Data
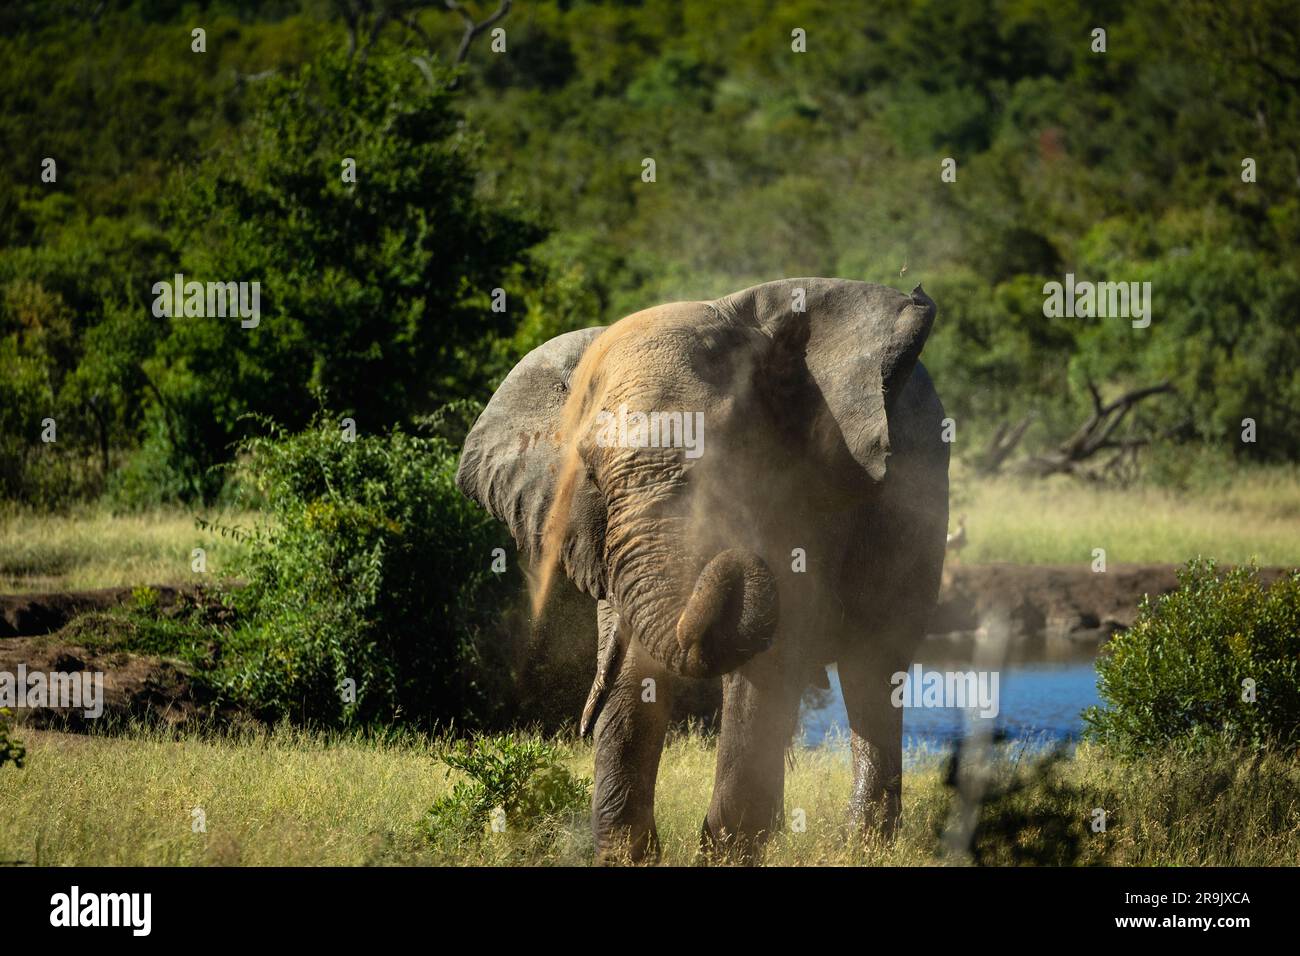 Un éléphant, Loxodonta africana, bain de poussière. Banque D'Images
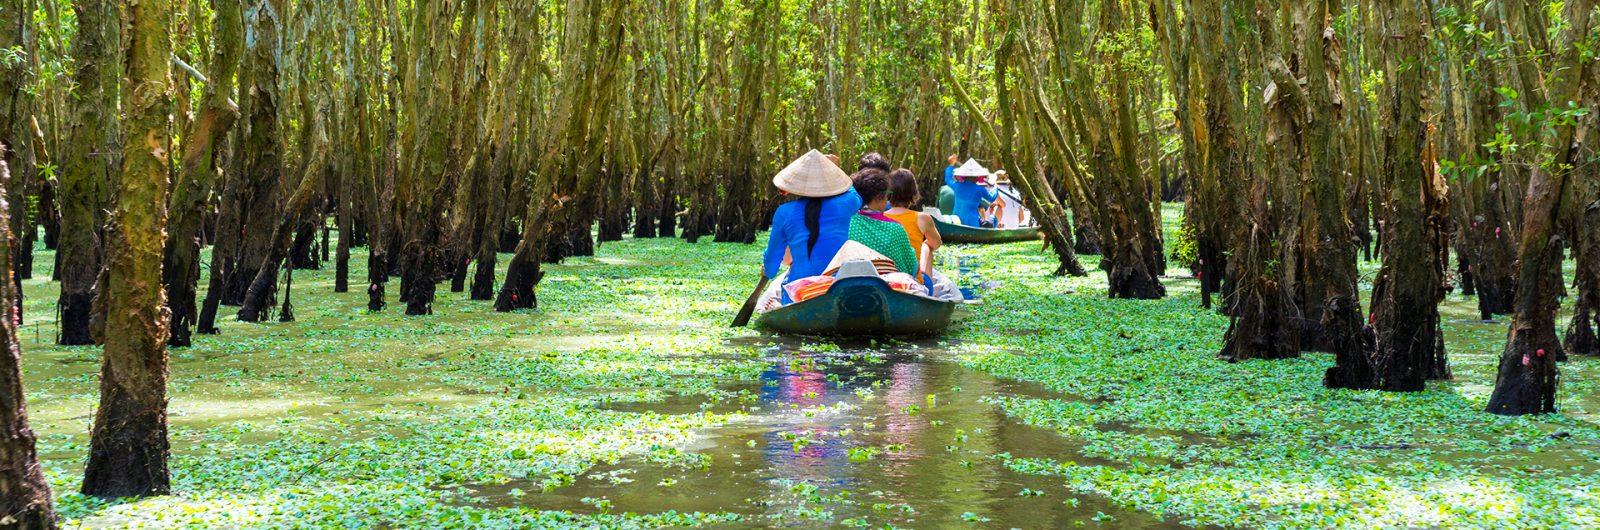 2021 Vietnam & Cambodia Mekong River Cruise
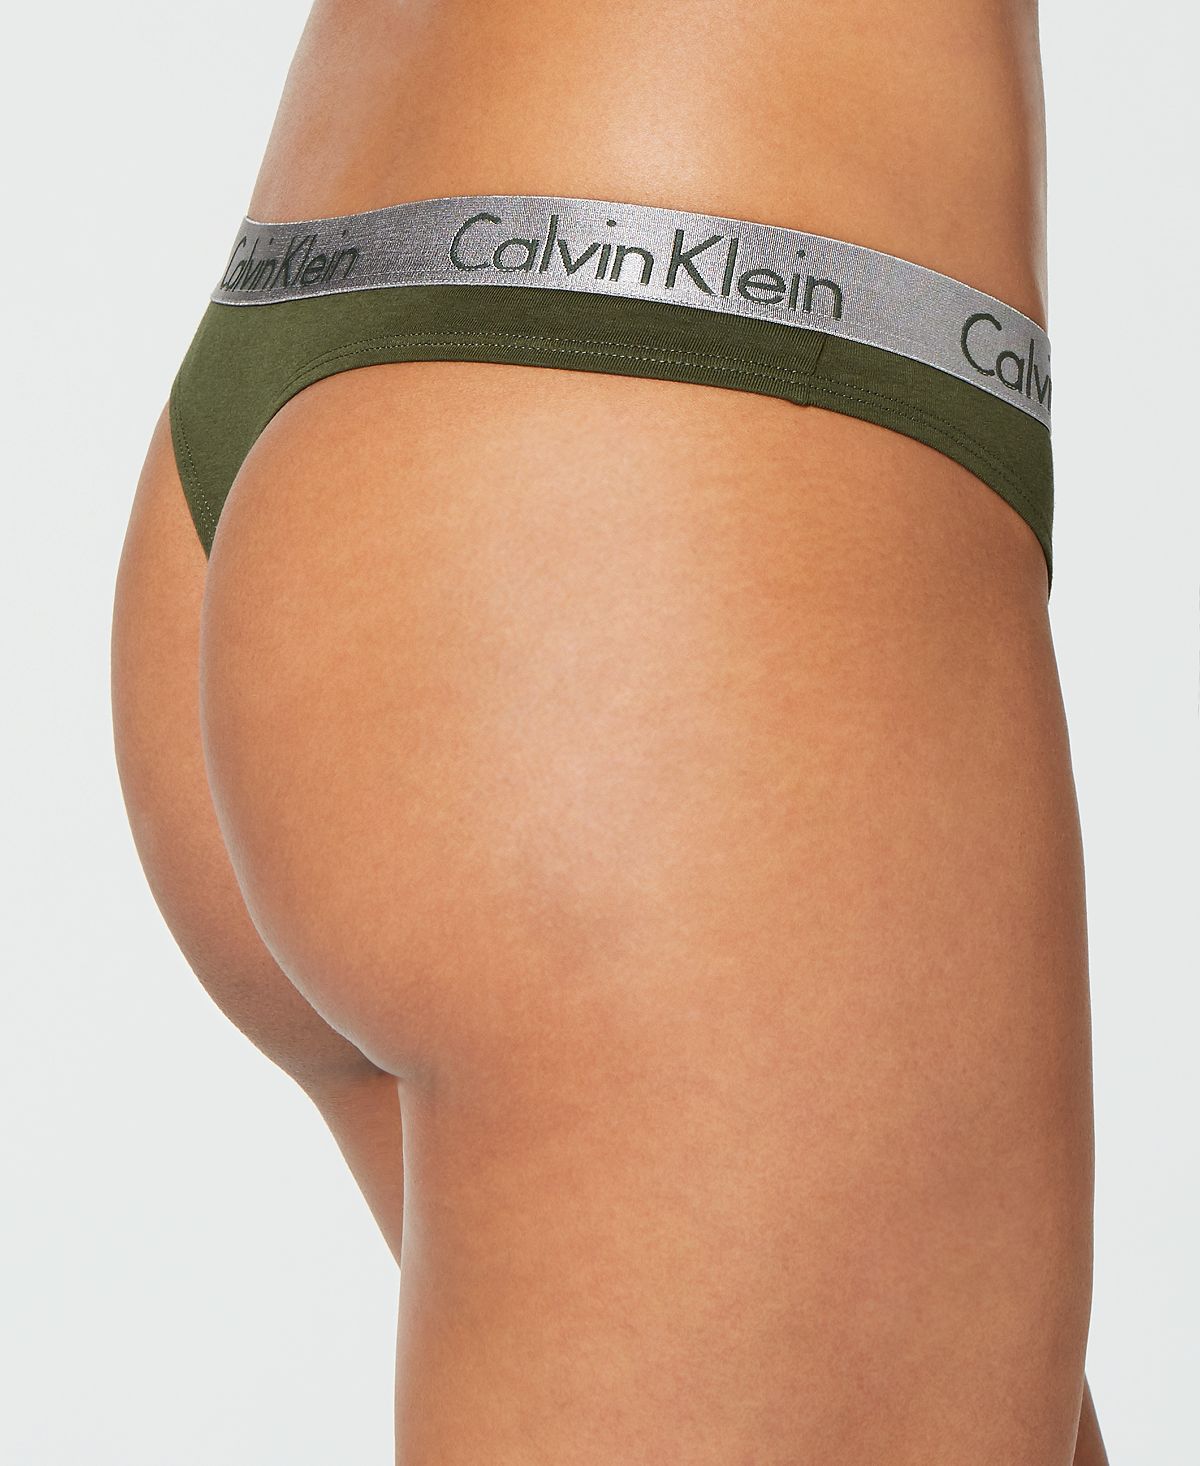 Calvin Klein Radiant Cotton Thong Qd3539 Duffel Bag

Task instructions
Each line of the material is to be output exactly. Images are not part of the expected output.

Final answer
 Un éléphant, Loxodonta africana, bain de poussière. Banque D'Images
 2021 Vietnam & Cambodia Mekong River Cruise
 Calvin Klein Radiant Cotton Thong Qd3539 Duffel Bag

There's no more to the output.